Do any thrombocytopenia-related considerations exist, given the limited blood supply?
In general, we are worried about thrombocytopenia in our patients; it is associated with higher risk of bleeding events. In general, we try to keep the platelet count above 12. Historically, we would often try to do 15, but in the current era, we're shooting more for 10 or 12 in patients who are not actively bleeding or having signs of bruising. In those patients, we may actually go for a higher platelet level. There are no good platelet-enhancing agents available in the setting of leukemia that have shown the ability to increase and maintain platelet counts without adverse events such as liver problems or bone marrow fibrosis. In general, we are continuing to monitor platelet counts and transfuse as needed.

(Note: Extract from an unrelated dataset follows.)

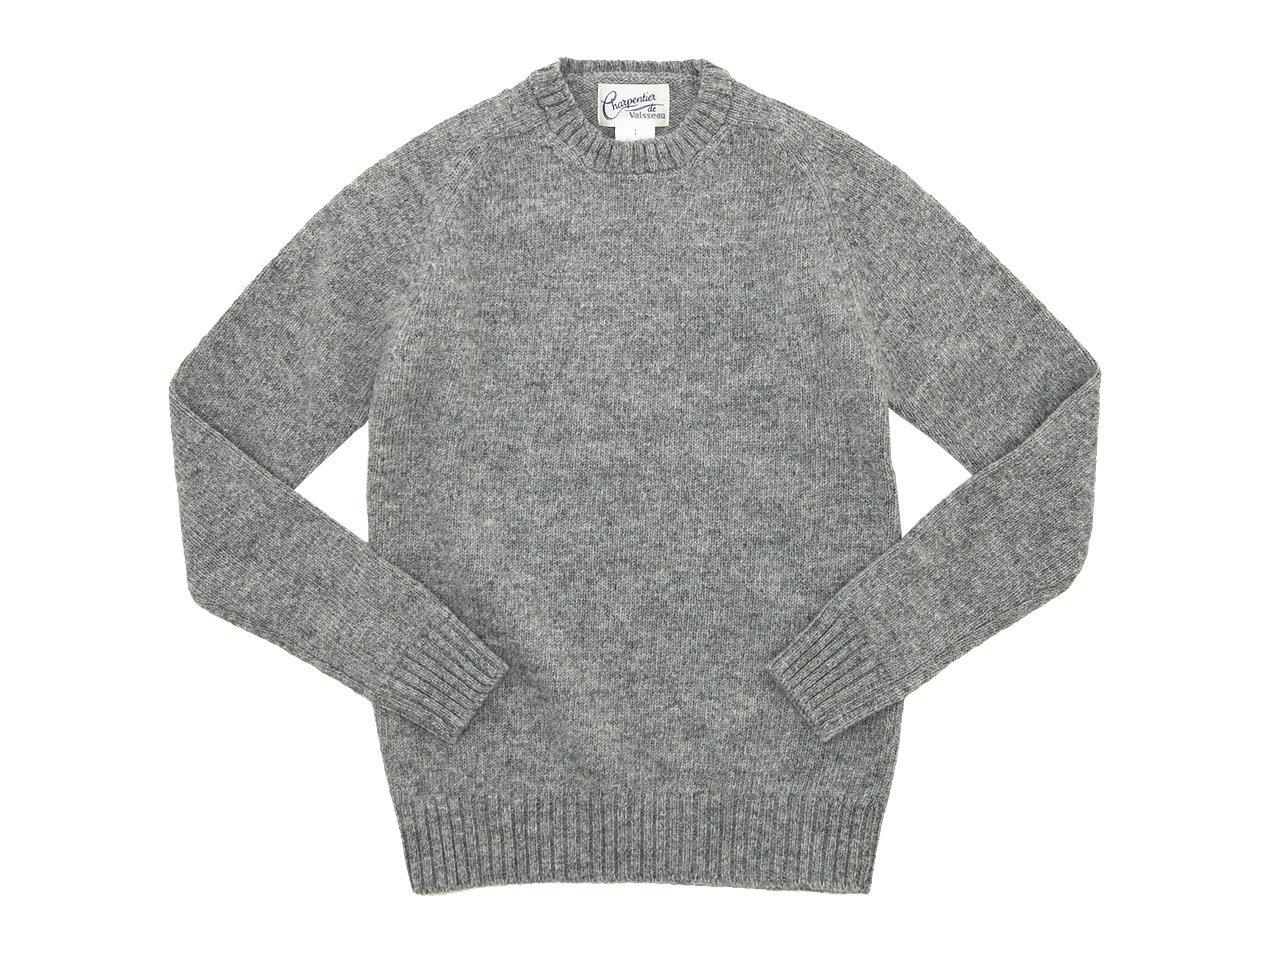 Charpentier de Vaisseau Karl Shetland Crew Neck Knit GRAY

Some of our patients who are above 60 years, may be candidates for either intensive chemotherapy or for moderate- or lower-intensity therapies, such as hypomethylating agents (HMA) plus venetoclax. There was always a debate, especially with regard to those who have adverse cytogenetic TP53 complex or bad risk features, that HMA plus venetoclax may be equal, potentially even better, than standard induction cytarabine and anthracycline. Now with COVID-19, there is more enthusiasm and more push to use HMA plus venetoclax in those borderline patients between 60 and 75 years who may have moderate fitness but intermediate adverse cytogenetics or adverse molecular features where we may have previously hesitated and not been sure which one to select. Now, [in light of COVID-19] we're leaning toward HMA plus venetoclax, which usually has less transfusion support requirement, less inpatient stay, and less prolonged myelosuppression. This approach will hopefully provide us with some very useful data that will inform us in the future of this borderline population of patients who are 60 to 75 years with moderate fitness. Is there a clear role for HMA plus venetoclax to be used preferentially over induction-based therapies?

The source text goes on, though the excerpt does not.